Of the Huth Catalogue, 1880, we can only say that it is a splendid gathering in a comparatively short period of various classes of books obtained from the sales in London and elsewhere, and from private sources, and selected on account of condition and interest rather than with a view to completeness. In its character it is emphatically miscellaneous; but is very strong in Early English literature, owing to the opportunities which the founder enjoyed through the dispersion in his time of so many fine libraries of that class, especially those of Daniel and Corser, and perhaps we may add of George Smith the distiller. But there was scarcely any sale here or on the Continent from which Mr. Huth was not enabled to add to his stores. He was a very rich man; but he was not a book-hunter, and he was both inconsistent and capricious. He had, in fact, no definite plan, and took each purchase on its own merits.

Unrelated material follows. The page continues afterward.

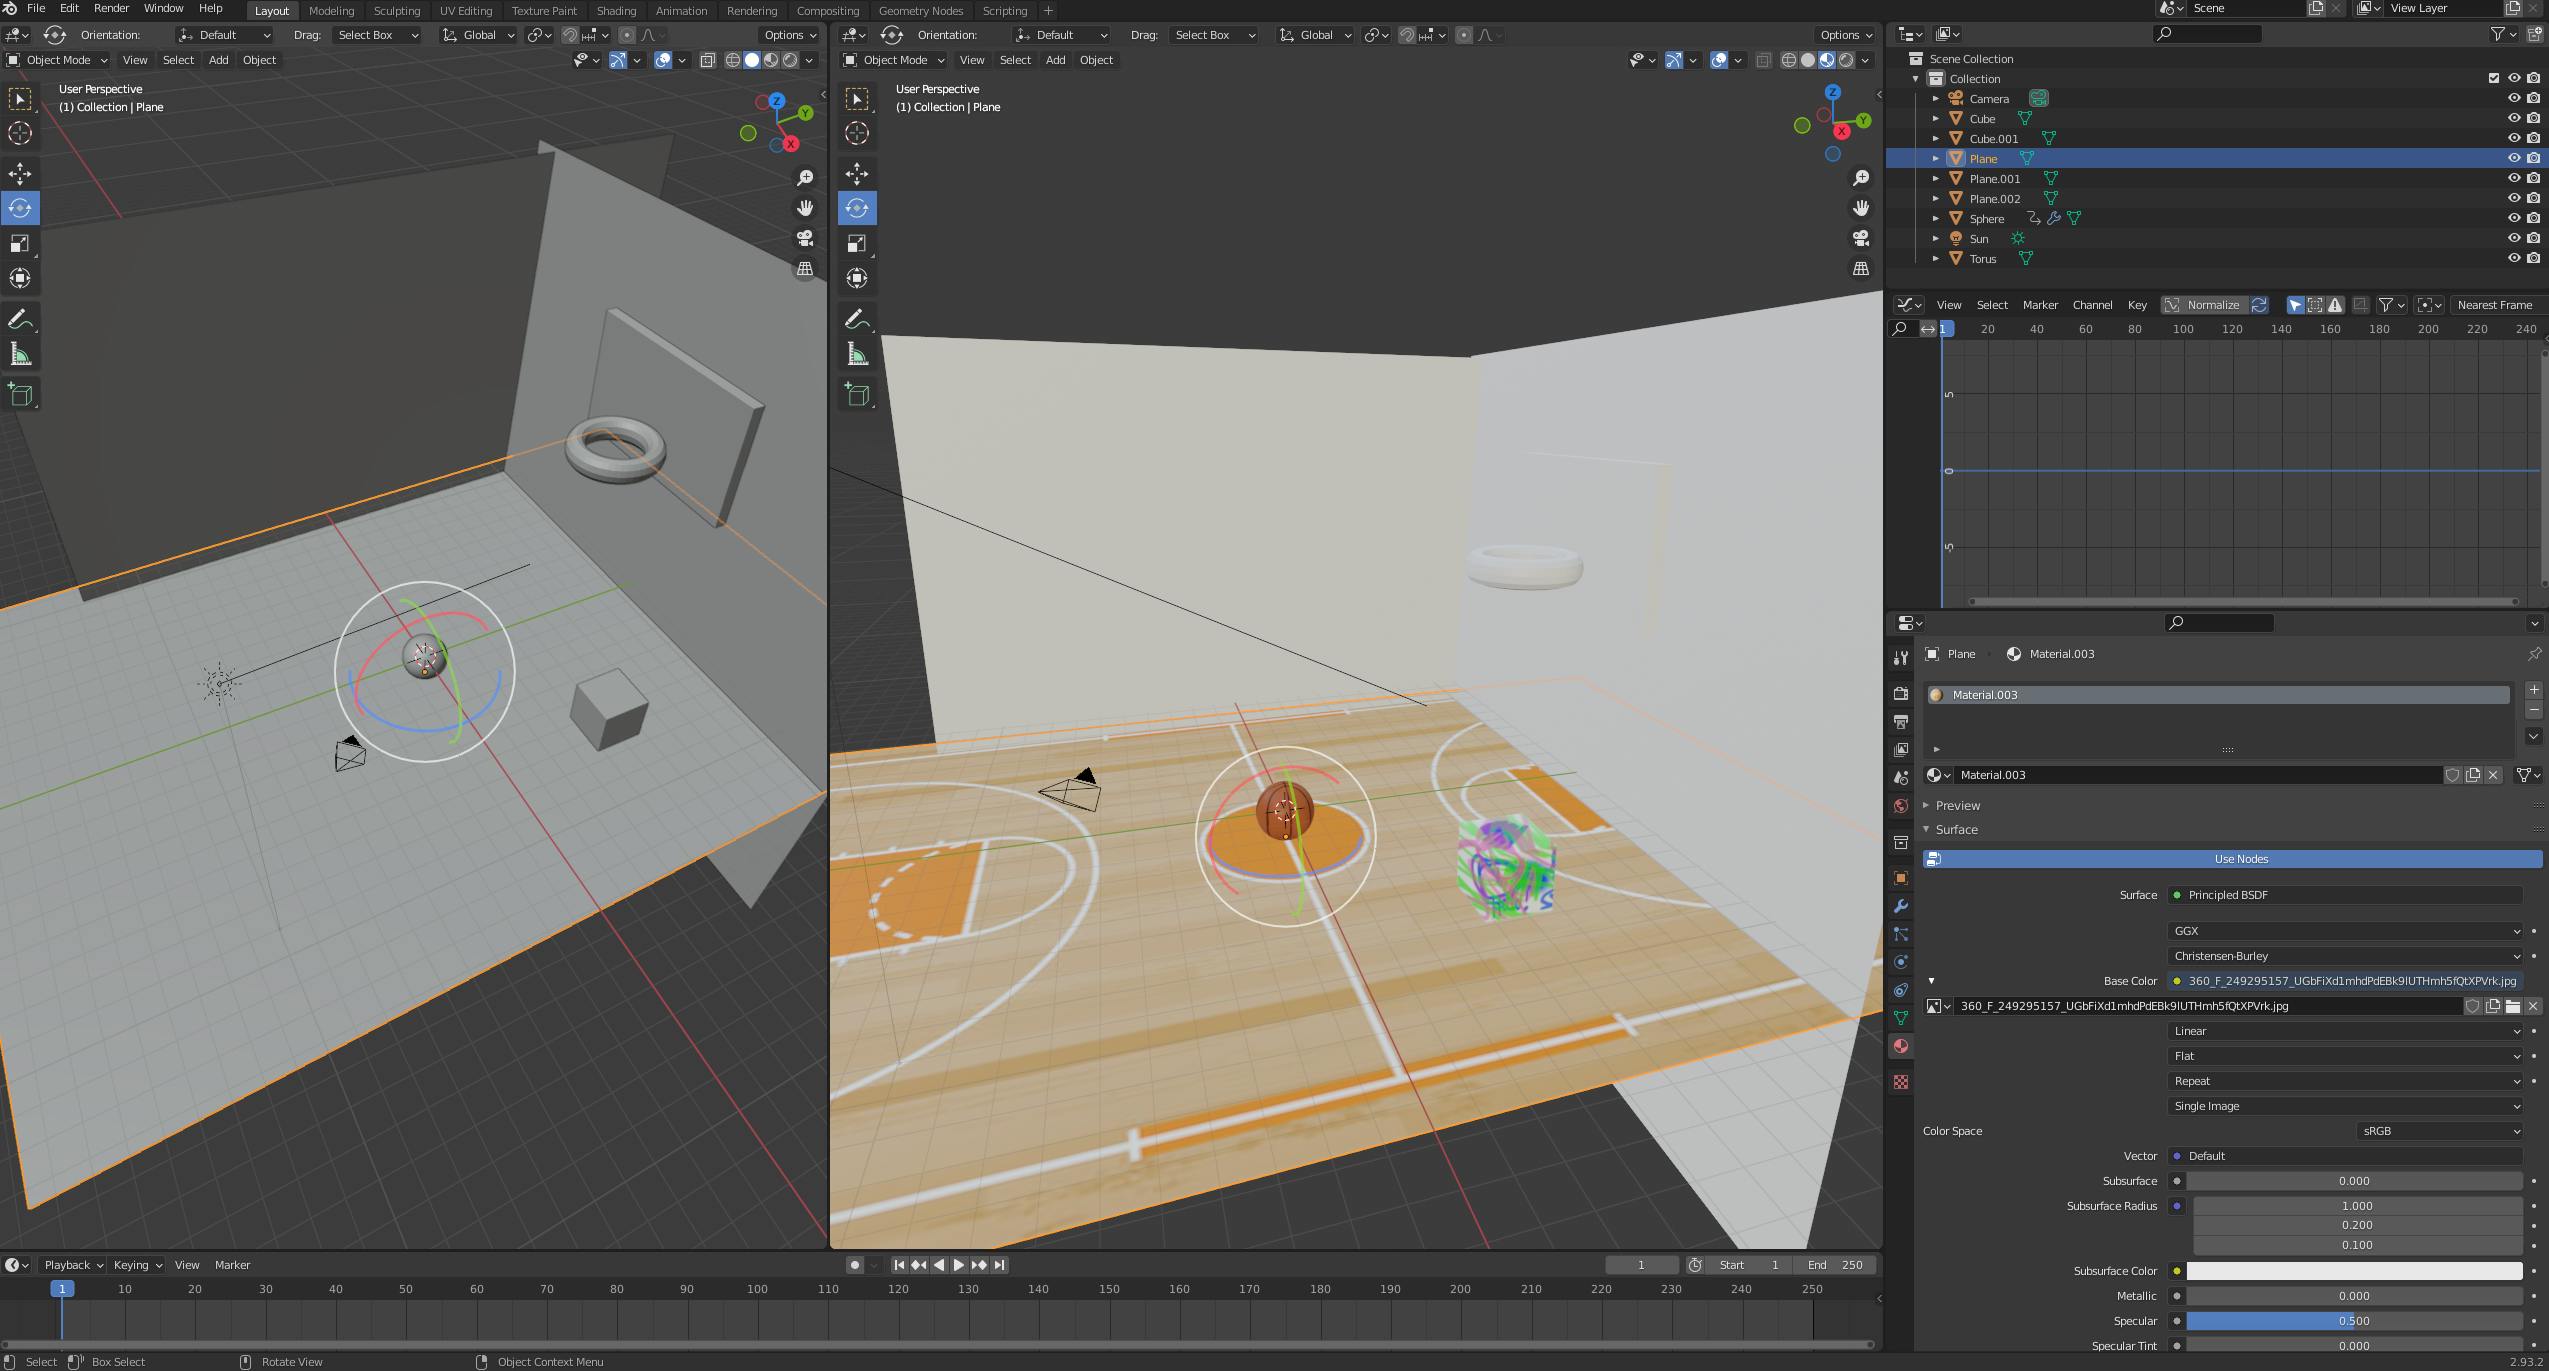 Blender workspace, with two views - rendered and not - of a basketball in a basketball court

His Catalogue, which he did not live to see completed, is unusually free from errors, but not quite so much so as he anticipated and desired. Nevertheless, it will always be an useful guide and an honourable memorial.
Several monographs, dealing in a brief or cursory way with an entire library, or more fully with a section of it, may be noticed. The Ashburnham hand-list, 1864, now (1897-98) supplemented by the sale catalogue; the Chatsworth Catalogue, which does not include the books at Devonshire House, and Lord Crawford's catalogue of his Ballads and Broadsides. There are special accounts of several of the College Libraries at Oxford and Cambridge, as well as Hartshorne's Book Rarities, 1829, a disappointing yet suggestive volume. We ought to remind the reader that the catalogue of Trinity, Cambridge, embraces Capell's Shakesperiana, and that there are separate hand-lists of Malone's and Douce's books at the Bodleian, of the Dyce and Forster bequests at South Kensington, of the Society of Antiquaries' Broadsides, and of the Shakespearian treasures formerly at Hollingbury Copse. We have two editions of Blades's book on Caxton's press, Maitland's two Lambeth Catalogues, Botfield's Cathedral Libraries, and Edmond's Lists of the Aberdeen printers, 1886.
It is eminently likely that of the Rylands-Spencer library we shall have in the fulness of time a new catalogue, superseding Dibdin's publications, and of course embracing all the personal acquisitions of Mrs. Rylands, apart from the grand Althorp lot. In the capable hands of Mr. Duff it ought to turn out well.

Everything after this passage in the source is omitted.